Должен вам сказать, что нигде, как в писательской среде тех времён, трудно было оставаться человеком. В день 27 декабря 1958 года, когда исключали из Союза писателей Бориса Леонидовича Пастернака, в Москву, запыхавшись, примчалась хорошая писательница Вера Панова, дом которой был увешан фотографиями её любимого поэта Бориса Пастернака. Ей, как члену правления, крайне важно было проголосовать за исключение. Среди писателей активно осуждался поступок Корнея Чуковского, который поздравил Пастернака с получением Нобелевской премии. А писатели, сохранившие хоть немного порядочности, сидели дома, врали, что больны. Другое дело, что Бориса Слуцкого, секретаря парторганизации поэтической секции, буквально заставили выступить, его специально вызывали в ЦК, в случае отказа от выступления могли лишить партбилета, и он сдался… А потом жестоко корил себя и писал:
Уменья нет сослаться на болезнь,Таланту нет не оказаться дома,Приходится, перекрестившись, лезтьВ такую грязь, где не бывать другому.Но самое, на мой взгляд, страшное предательство совершил Илья Сельвинский, который за каких-то полгода до этого судилища публично благодарил: «…всех учителей моих от Пушкина до Пастернака». Далее расскажу своими словами из рассказанного мне Ольгой Всеволодовной Ивнинской. В критический момент жизни своего учителя, Сельвинский прислал ему из Ялты, где тогда отдыхал, письмо:
«Дорогой Борис Леонидович! Сегодня мне передали, что английское радио сообщило о присуждении Вам Нобелевской премии. Я тут же послал Вам приветственную телеграмму. Вы, если не ошибаюсь, пятый русский, удостоенный премии: до Вас были Мечников, Павлов, Семенов и Бунин – так что Вы в неплохой, как видите, компании.
Однако ситуация с Вашей книгой «Доктор Живаго» сейчас такова, что с Вашей стороны было бы просто вызовом принять эту премию. Я знаю, что мои советы для Вас – ничто, и вообще Вы никогда не прощали мне того, что я на 10 лет моложе Вас, но всё же беру на себя смелость сказать Вам, что игнорировать мнение партии, даже если Вы считаете его неправильным, в международных условиях настоящего момента равносильно удару по стране, в которой Вы живете. Прошу Вас верить в мое, пусть не очень точное, но хотя бы «точноватое» политическое чутье».

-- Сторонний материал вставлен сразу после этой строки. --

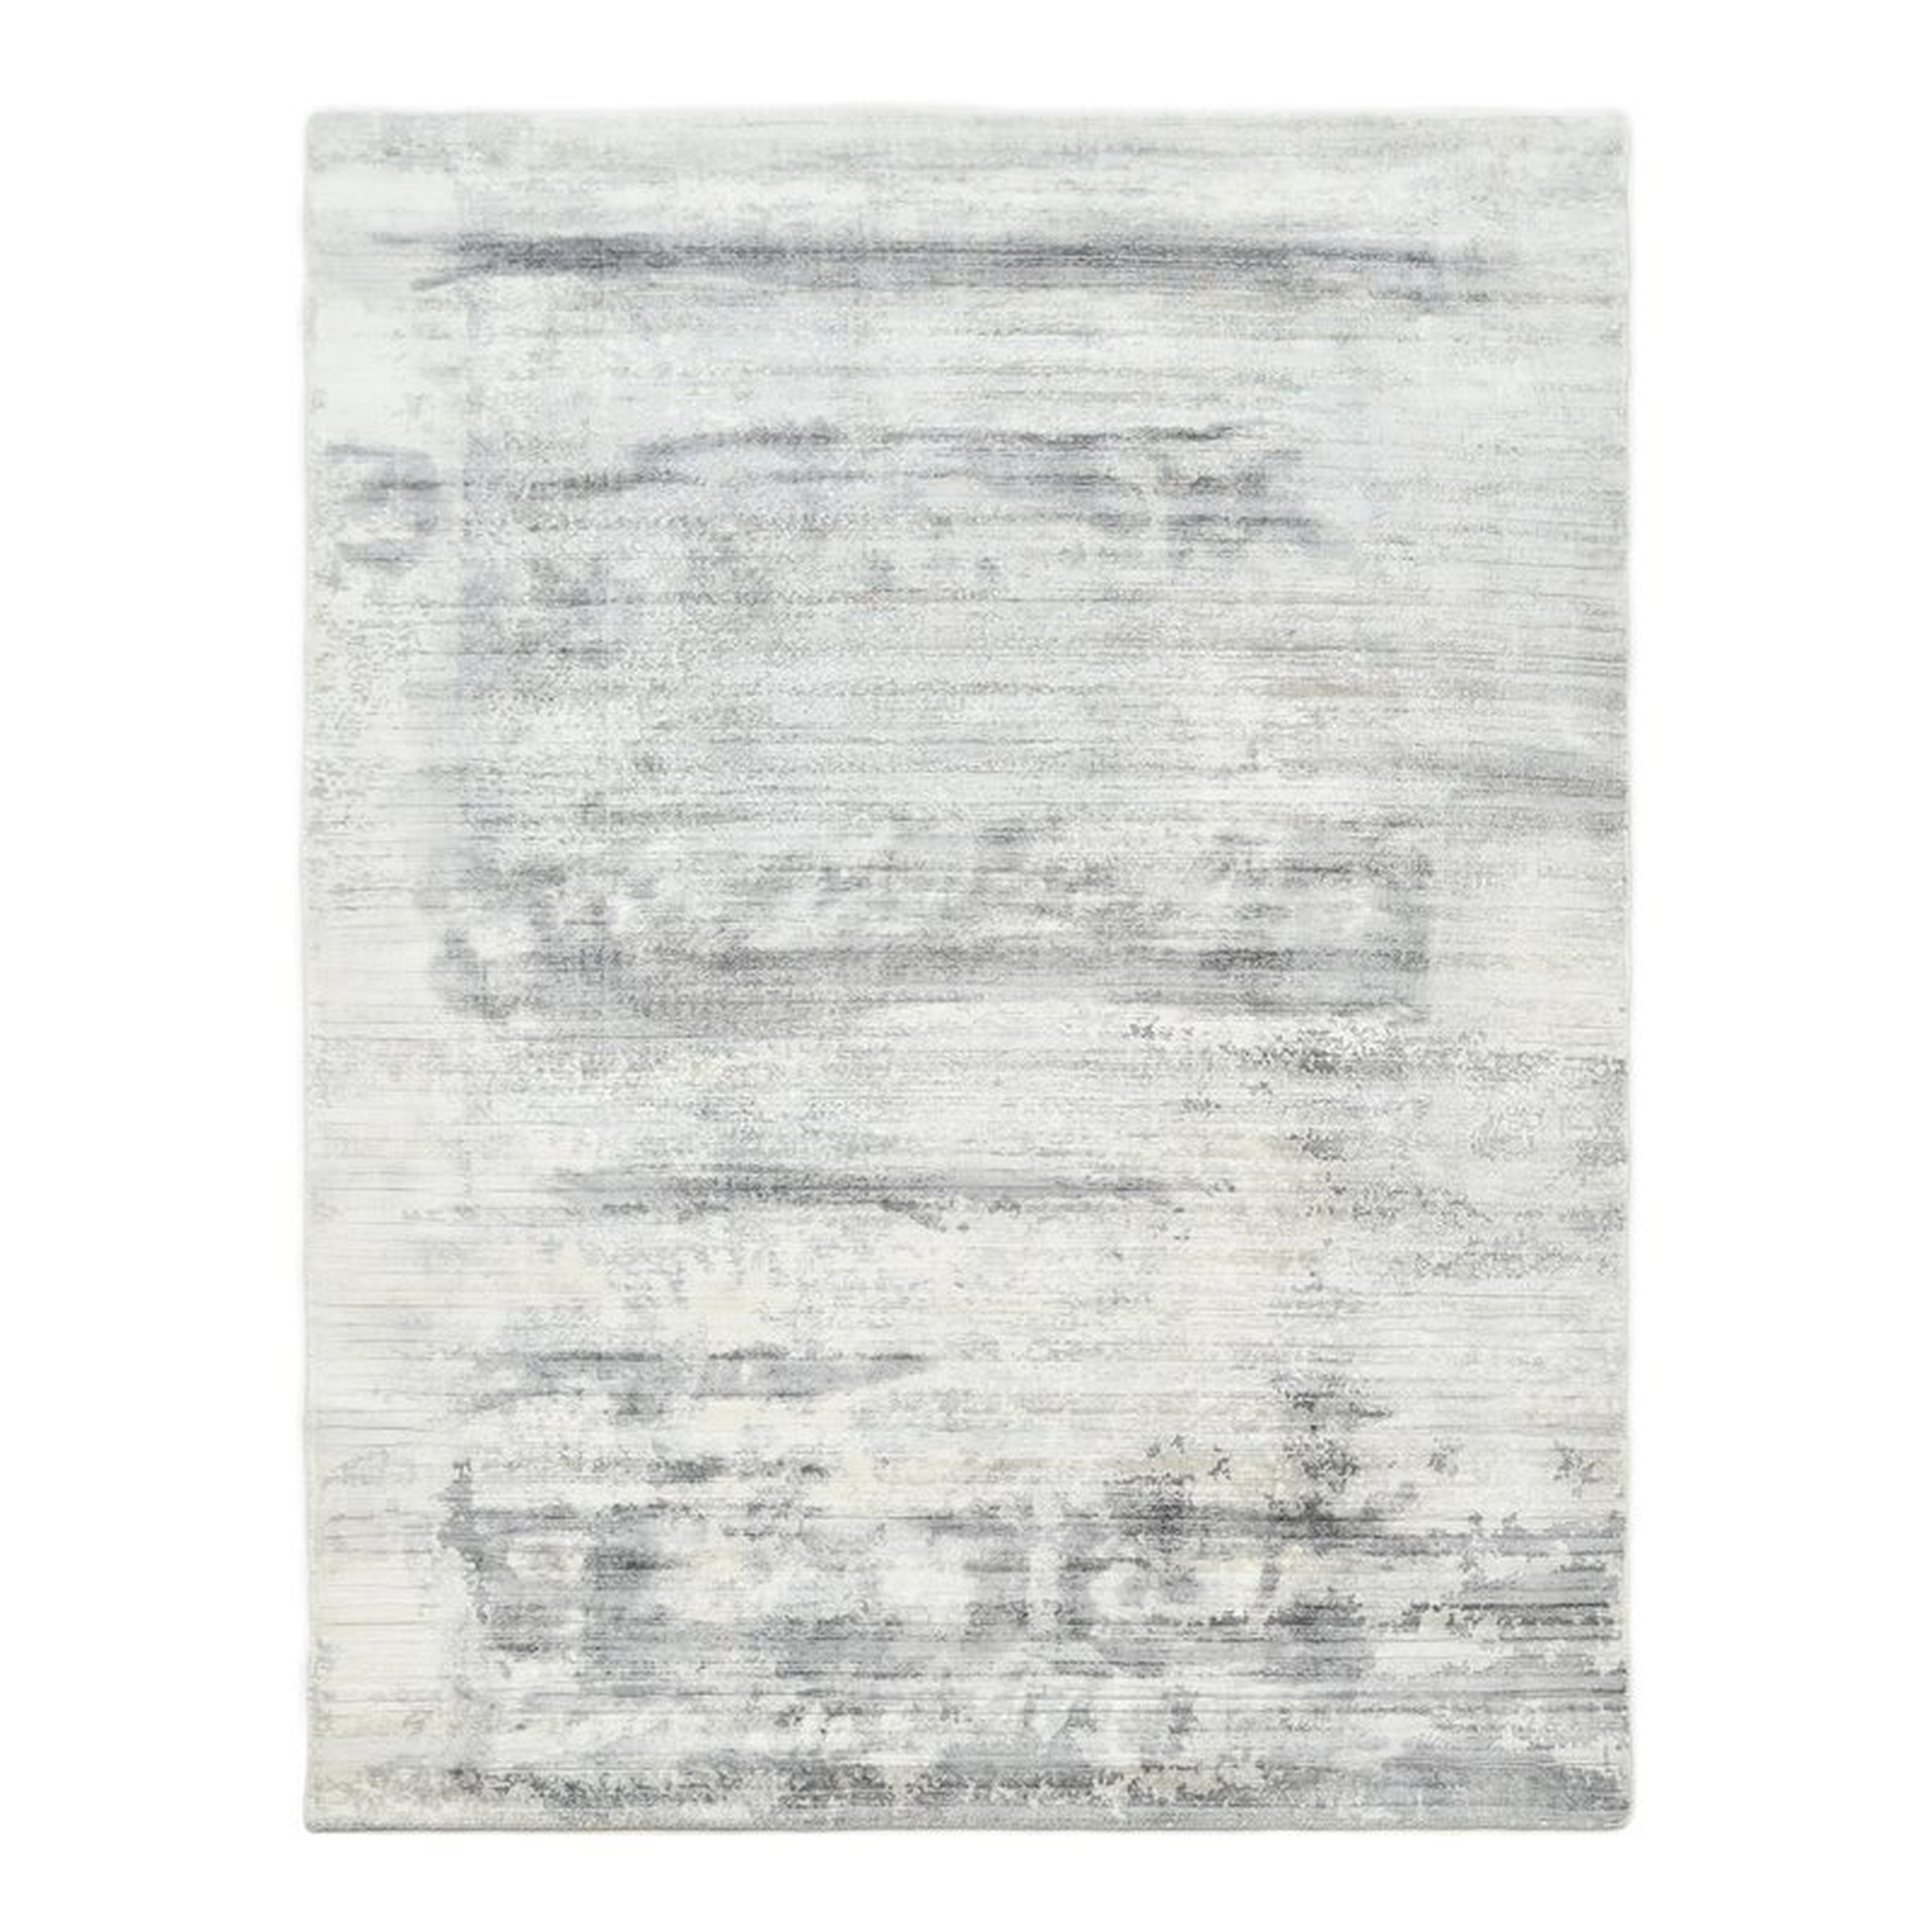 Solo Rugs Solo Rugs Sharilyn Handmade Viscose Area Rug, Silver, 8 x 10 Rug Size: Rectangle 8' x 10' - Perigold

Но на этом Сельвинский не успокоился: вдруг его письмо останется неизвестным? Тридцатого октября он совместно с Виктором Шкловским отправился в редакцию местной «Курортной газеты» – как вам нравится этот орган печати? – и оставил там следующее заявление:
«Пастернак всегда одним глазом смотрел на Запад, был далек от коллектива советских писателей и совершил подлое предательство».
Не хуже выступил и сам Виктор Шкловский: «Книга Пастернака не только антисоветская, она выдает также полную неосведомленность автора в существе советской жизни, о том, куда идет развитие нашего государства. Отрыв от писательского коллектива, от советского народа привел Пастернака в лагерь оголтелой империалистической реакции, на подачки которой он польстился».
Сельвинский «Курортной газетой» не ограничился – в «Огоньке» №11 за 1959 год он опубликовал такое стихотворение:
А вы, поэт, заласканный врагом,Чтоб только всласть насвоеволить,Вы допустили, чтоб любая сволочь,Пошла плясать и прыгать кувырком.К чему ж была и щедрая растратаДушевного огня, который был так чист,Когда теперь для славы ГеростратаВы Родину поставили под свист?Резолюция об исключении великого писателя и поэта из Союза писателей была принята под торжествующий рев зала. Писатели орали: «Предатель!», «Надо выслать!» Помню, как реагируя на этот кошмар, Гроссман воскликнул «Господи! Отчего так велик твой зверинец?!»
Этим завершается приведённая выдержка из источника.